The new release will feature fresh SteelBook artwork from Vance Kelly, seen below.

Special Features, all of which were previously released, include…

  • Audio Commentaries
    • Director Tibor Takacs, Writer Michael Nankin, and Special Effects Designer & Supervisor Randall William Cook
    • Special Effects Designer & Supervisor Randall William Cook, Special Make-Up Effects Artist Craig Reardon, Special Effects Artist Frank Carere, and Matte Photographer Bill Taylor
  • Isolated Score Selections and Audio Interview
  • Featurettes:
    • The Gate: Unlocked
    • Minion Maker
    • From Hell It Came
    • The Workman Speaks!
    • Made in Canada
    • From Hell: The Creatures & Demons of The Gate
    • The Gatekeepers
    • Vintage Featurette: Making of The Gate
  • Teaser Trailer
  • Theatrical Trailer
  • TV Spot
  • Storyboard Gallery
  • Behind-the-Scenes Still Gallery

When best friends Glen (Stephen Dorff) and Terry (Louis Tripp) stumble across a mysterious crystalline rock in Glen’s backyard, they quickly dig up the newly sodden lawn searching for more precious stones.

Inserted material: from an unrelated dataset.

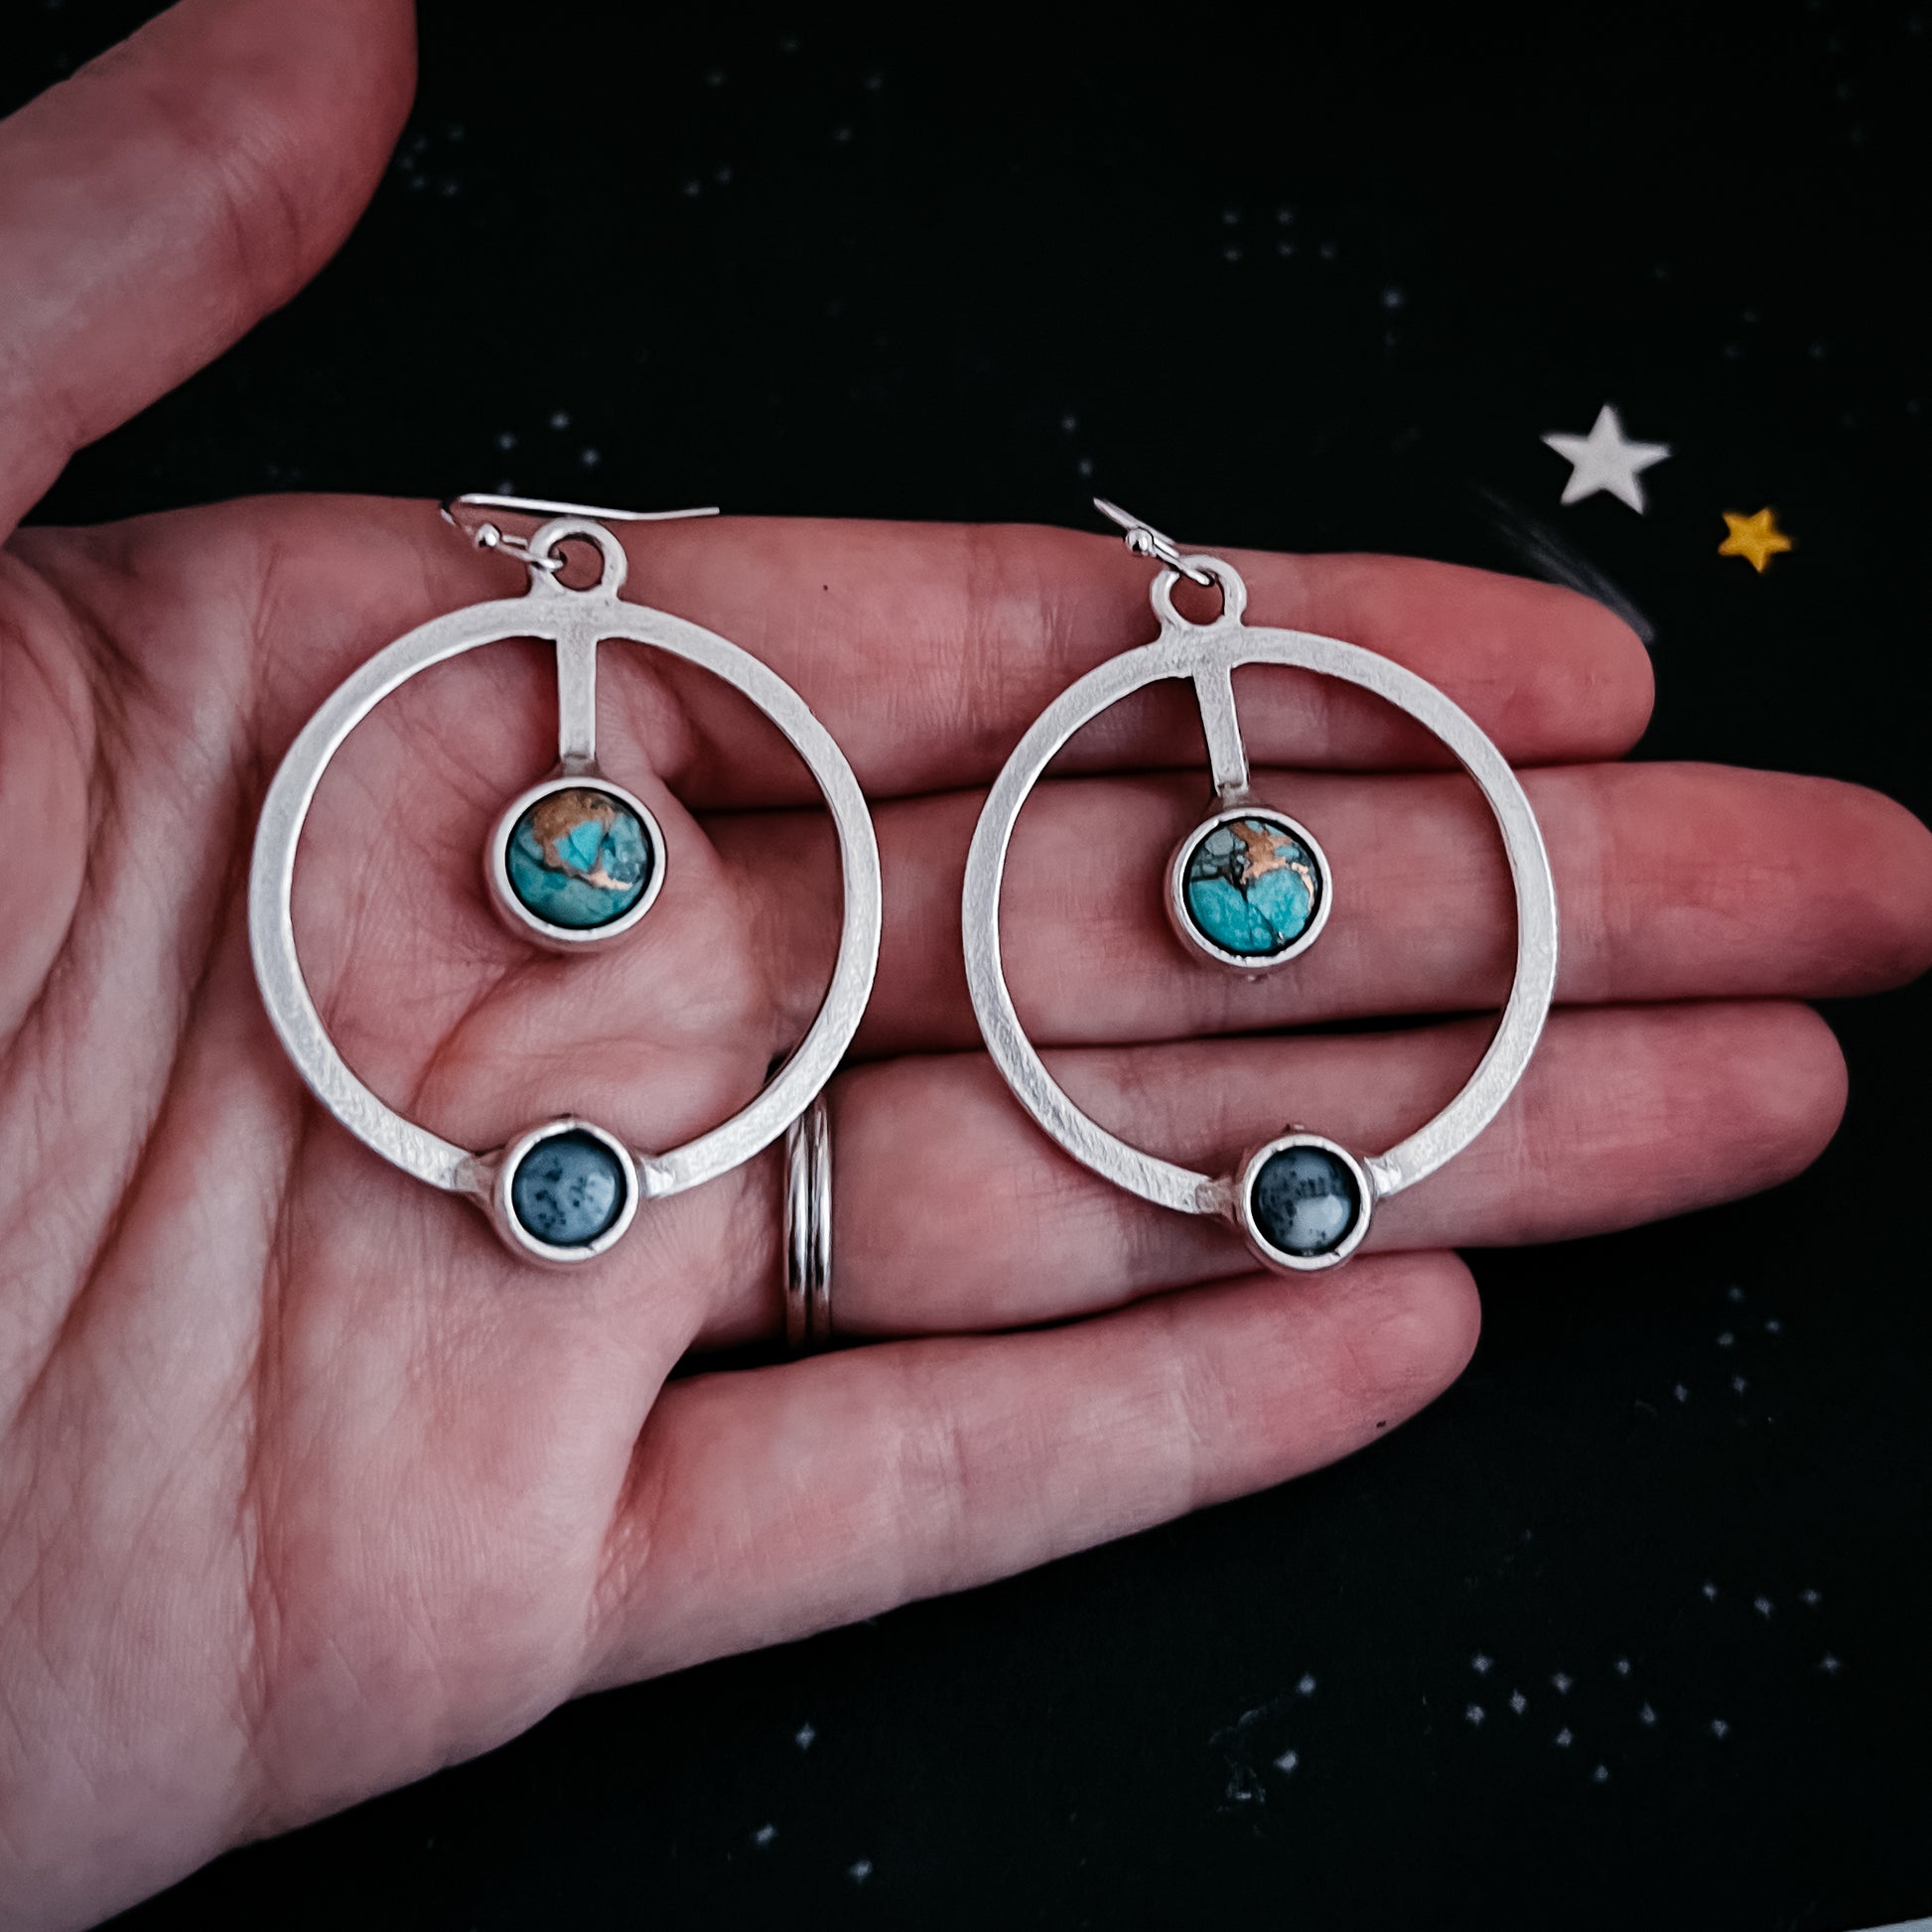 Artemis Earrings - Lunar Orbit Dangles with Natural Stones Earrings Yugen Handmade   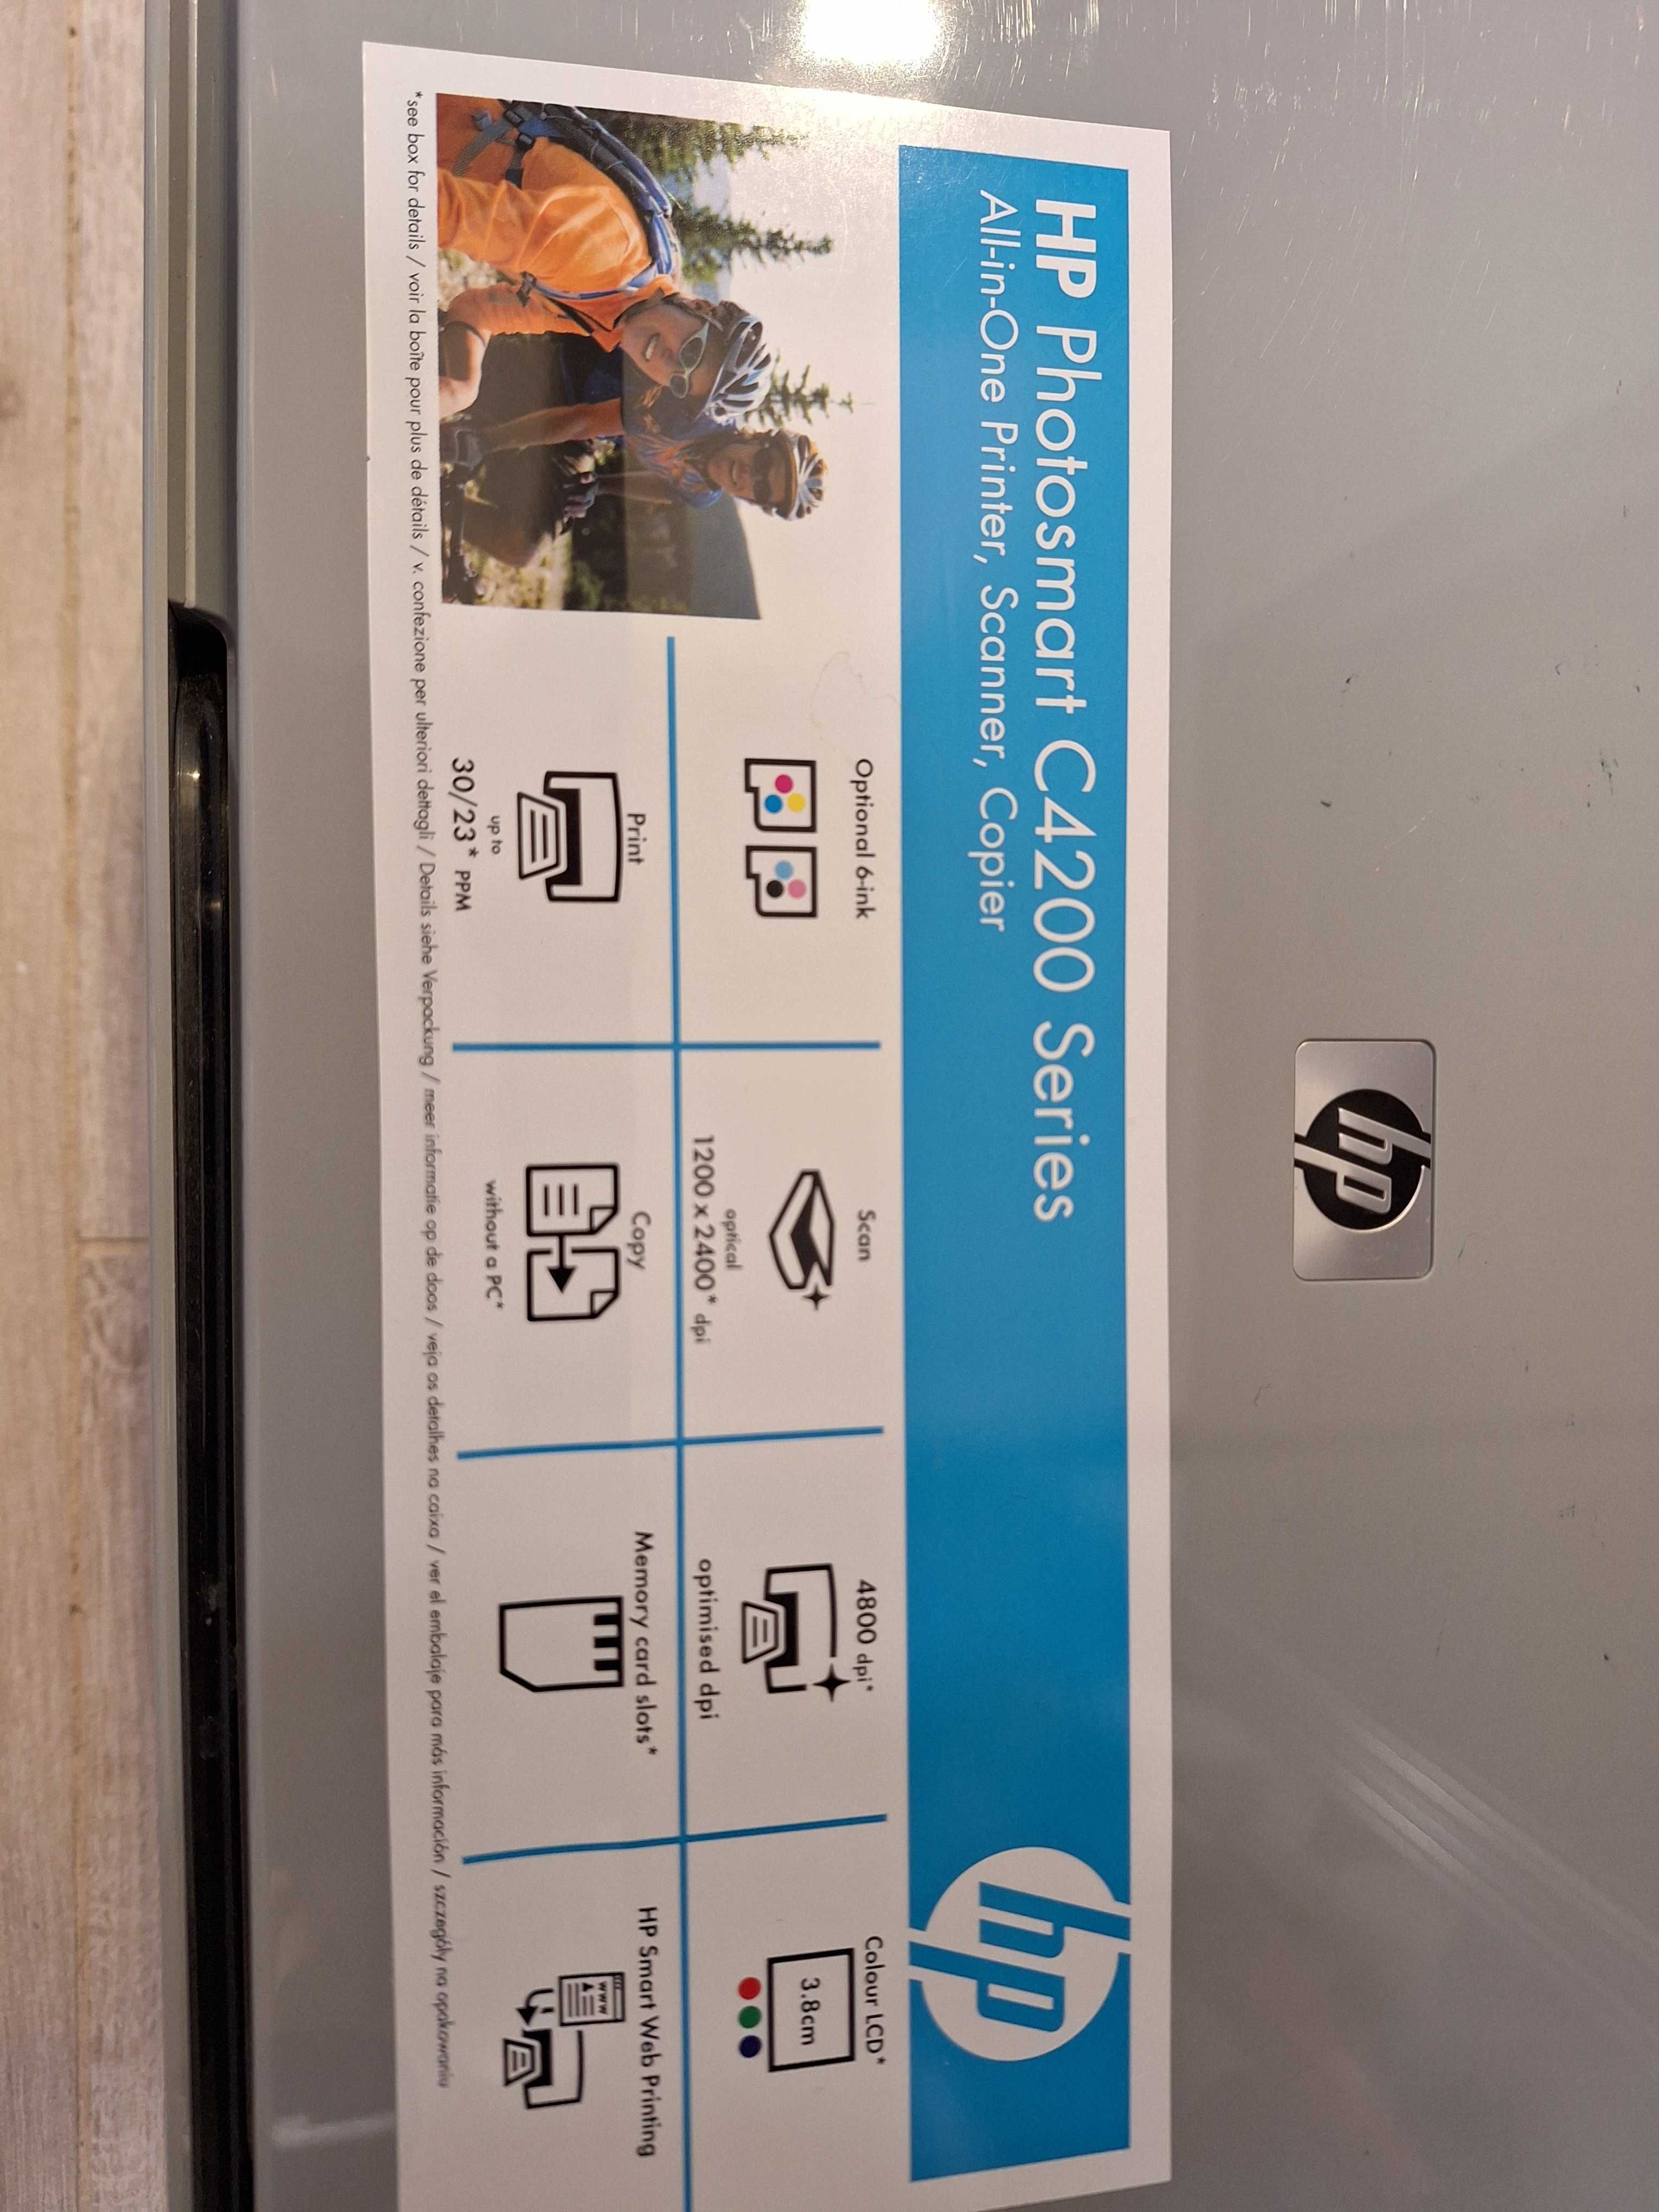 Vand imprimanta HP Photosmart C 4280 All in one!

Instead, they unearth The Gate — an underground chamber of terrifying demonic evil. The teenagers soon understand what evil they’ve released as they are overcome with an assortment of horrific experiences. With fiendish followers invading suburbia, it’s now up to the kids to discover the secret that can lock The Gate forever . . . if it’s not too late.

If you’ve never seen The Gate, it’s now streaming on Prime Video and Tubi.